→ Exercise
Set down the data below word for word, and leave the images aside.

→ Source data
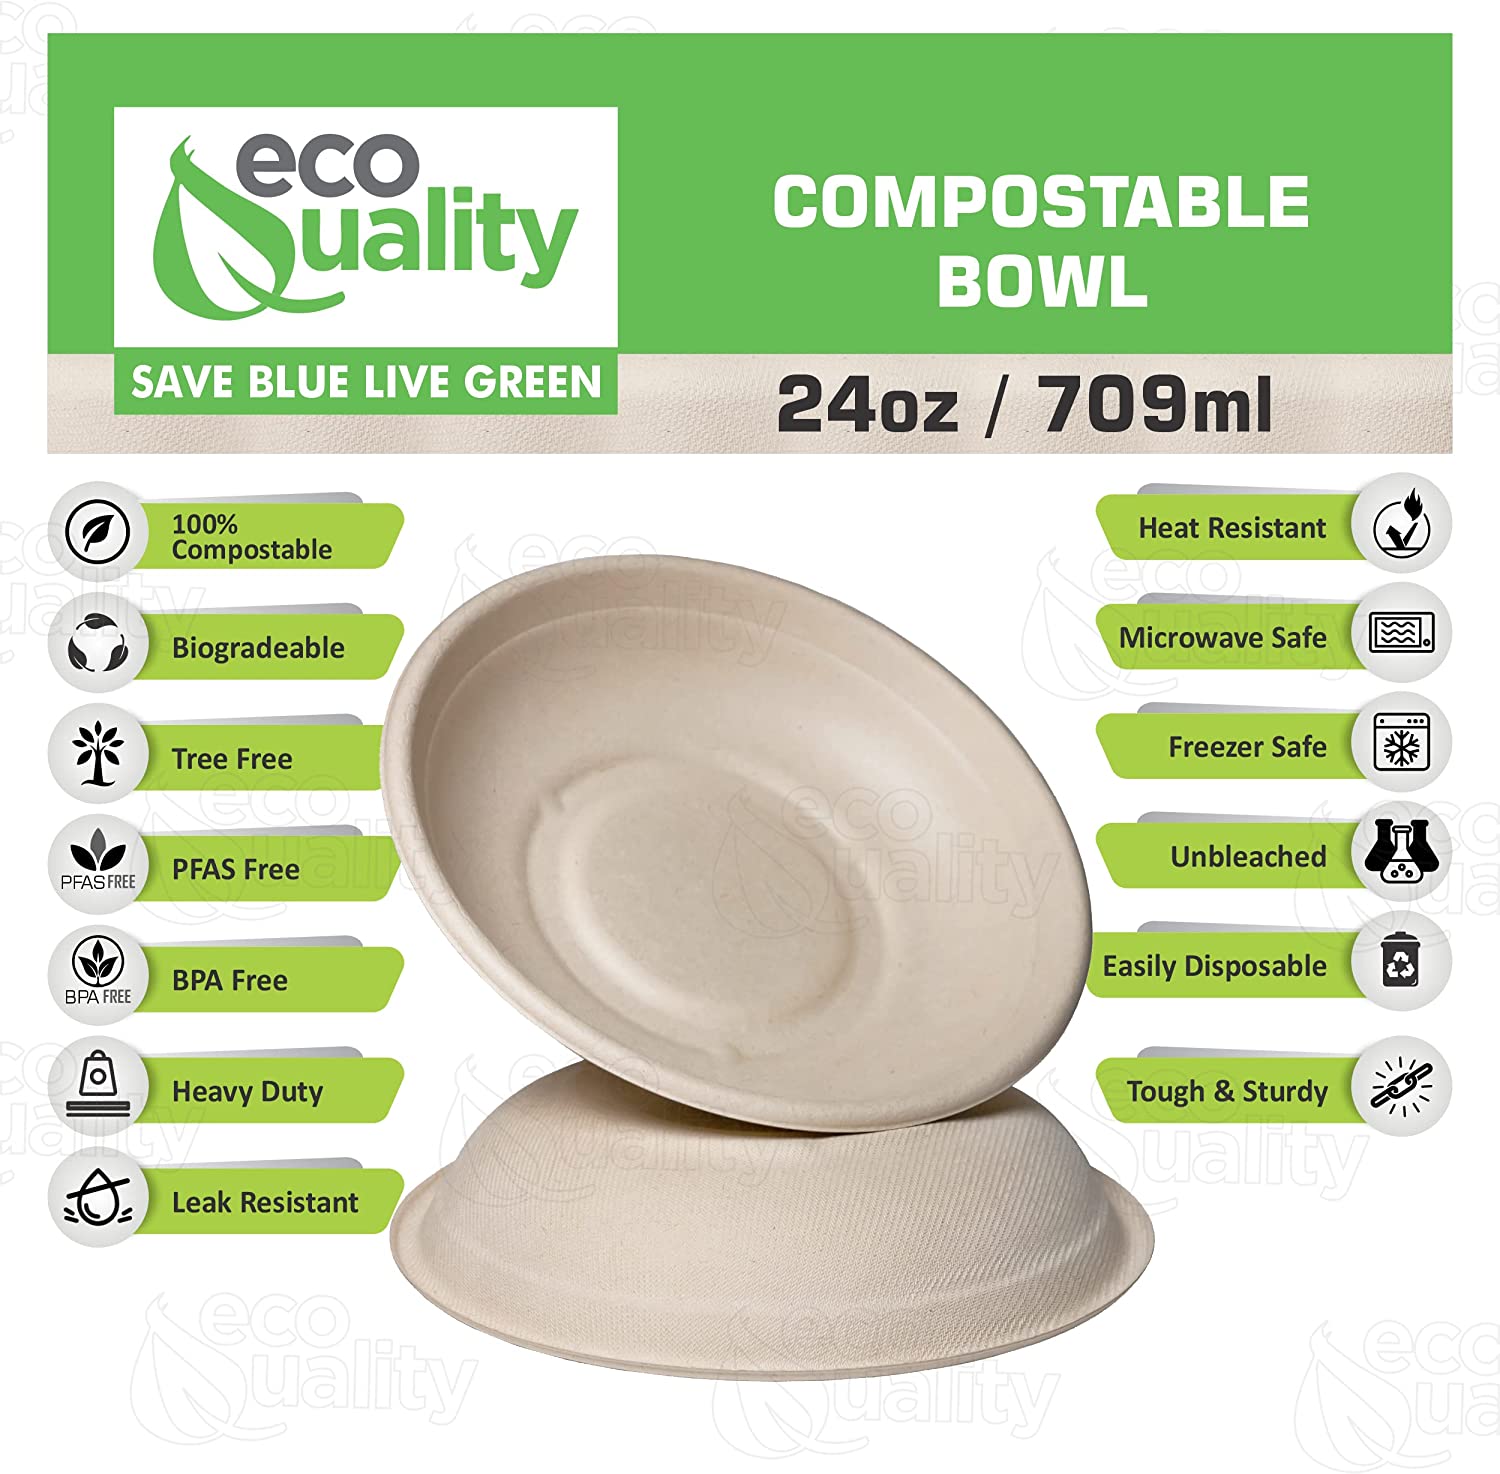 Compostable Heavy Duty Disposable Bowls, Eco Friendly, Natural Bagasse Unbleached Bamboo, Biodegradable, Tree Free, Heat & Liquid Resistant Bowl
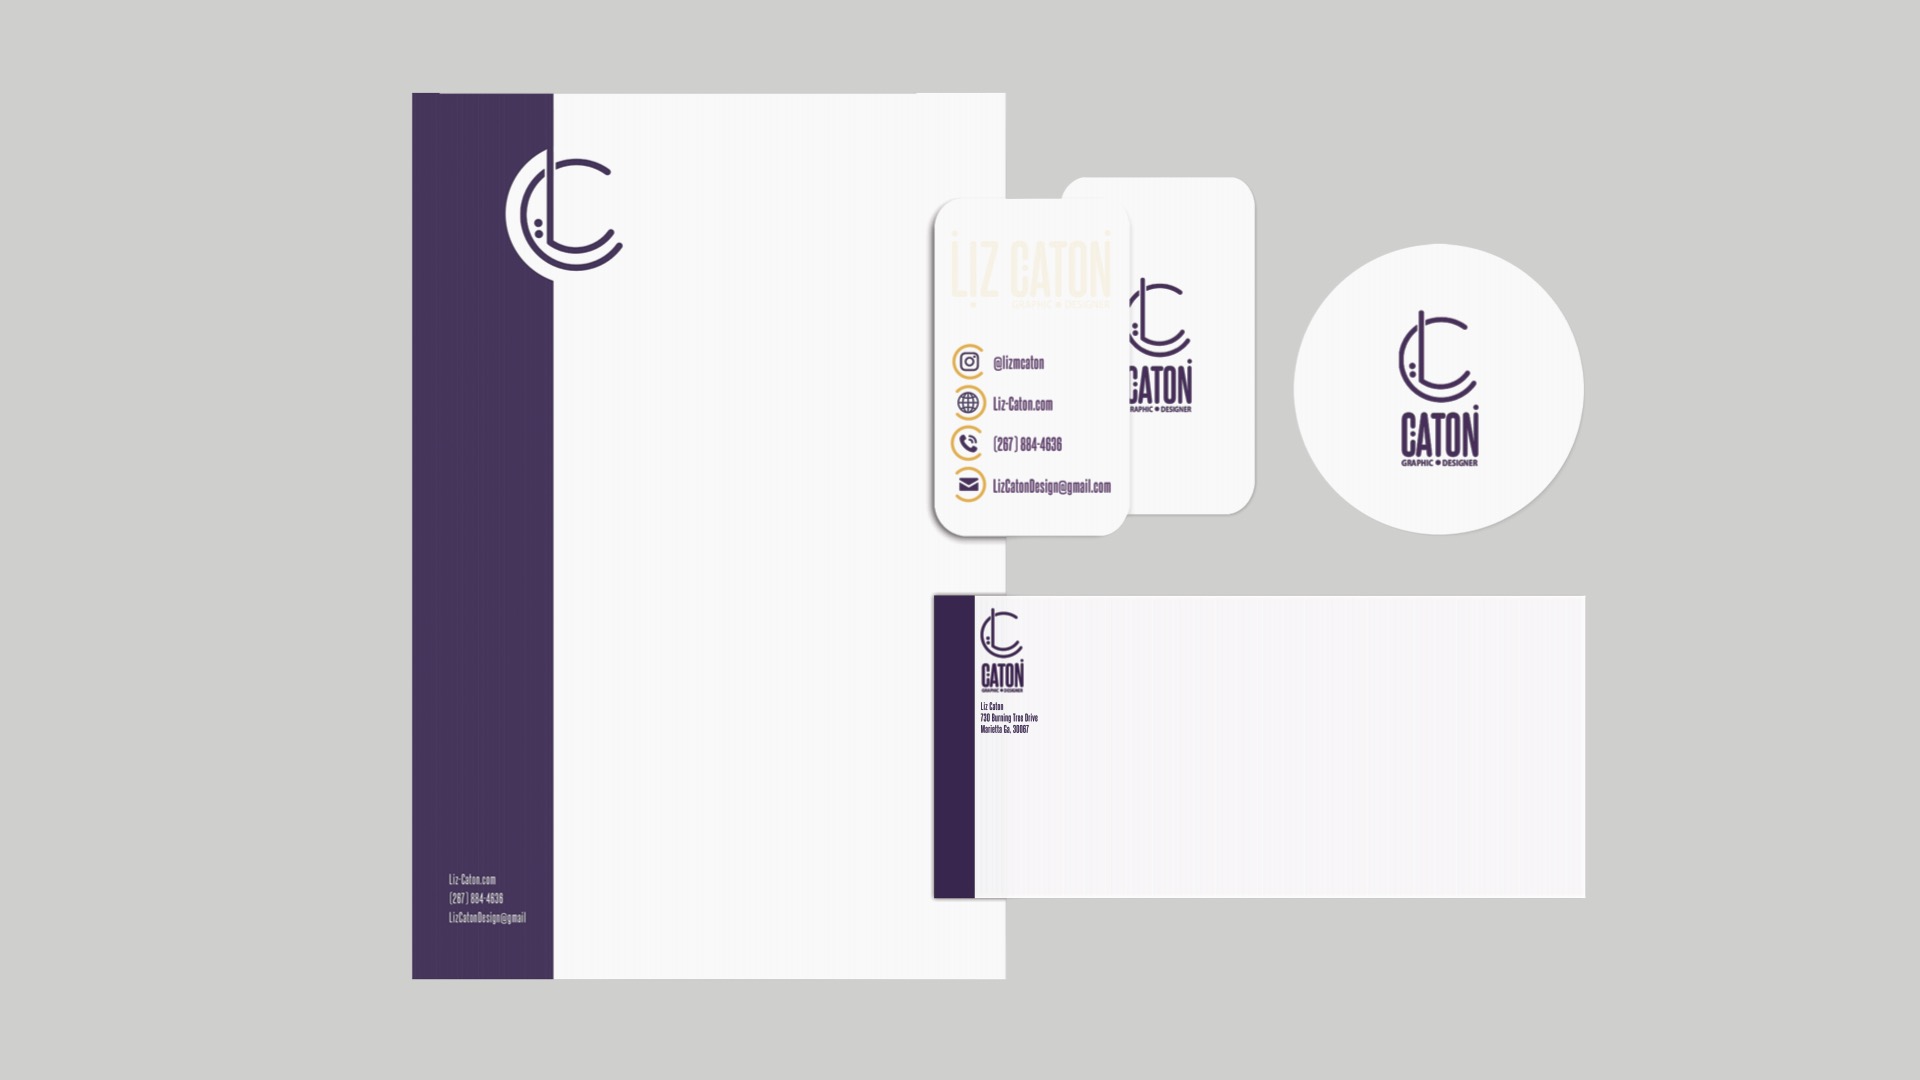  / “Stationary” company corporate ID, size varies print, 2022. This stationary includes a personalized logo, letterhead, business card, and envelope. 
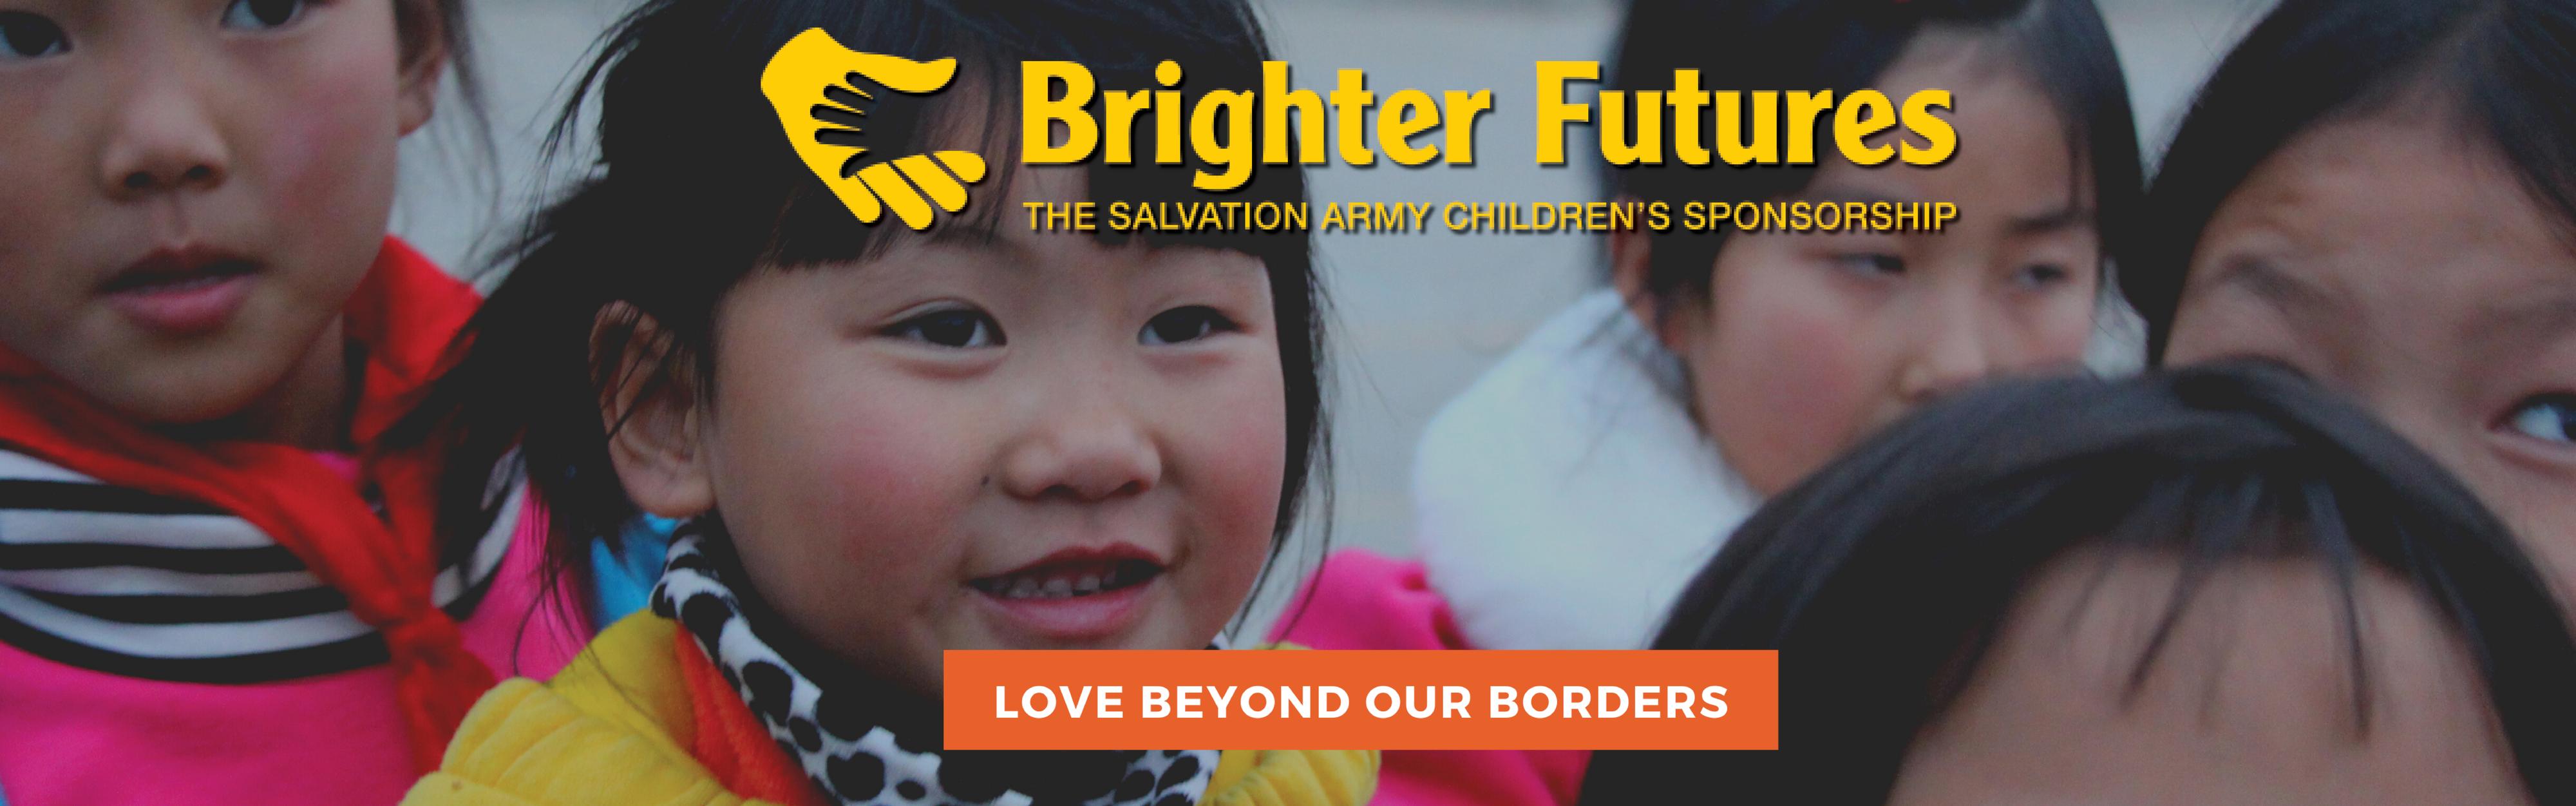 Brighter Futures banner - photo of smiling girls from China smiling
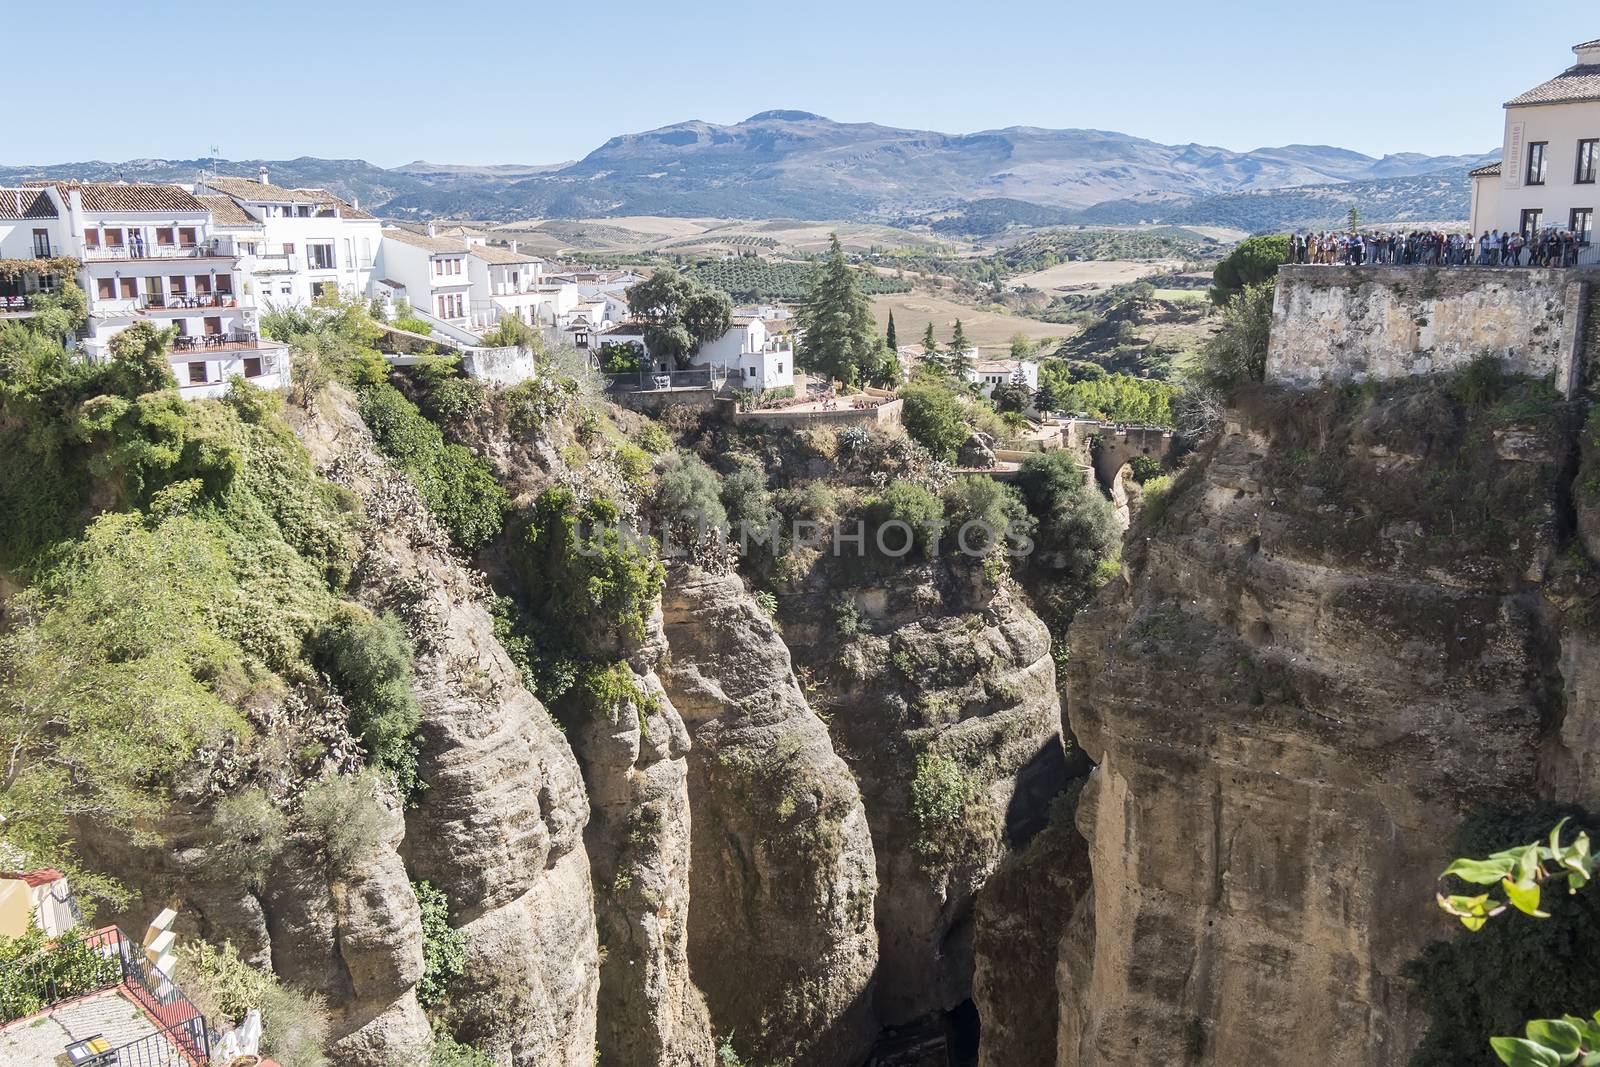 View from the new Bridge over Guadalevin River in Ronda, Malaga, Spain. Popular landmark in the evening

→ Exercise result
 Compostable Heavy Duty Disposable Bowls, Eco Friendly, Natural Bagasse Unbleached Bamboo, Biodegradable, Tree Free, Heat & Liquid Resistant Bowl
  / “Stationary” company corporate ID, size varies print, 2022. This stationary includes a personalized logo, letterhead, business card, and envelope. 
 Brighter Futures banner - photo of smiling girls from China smiling
 View from the new Bridge over Guadalevin River in Ronda, Malaga, Spain. Popular landmark in the evening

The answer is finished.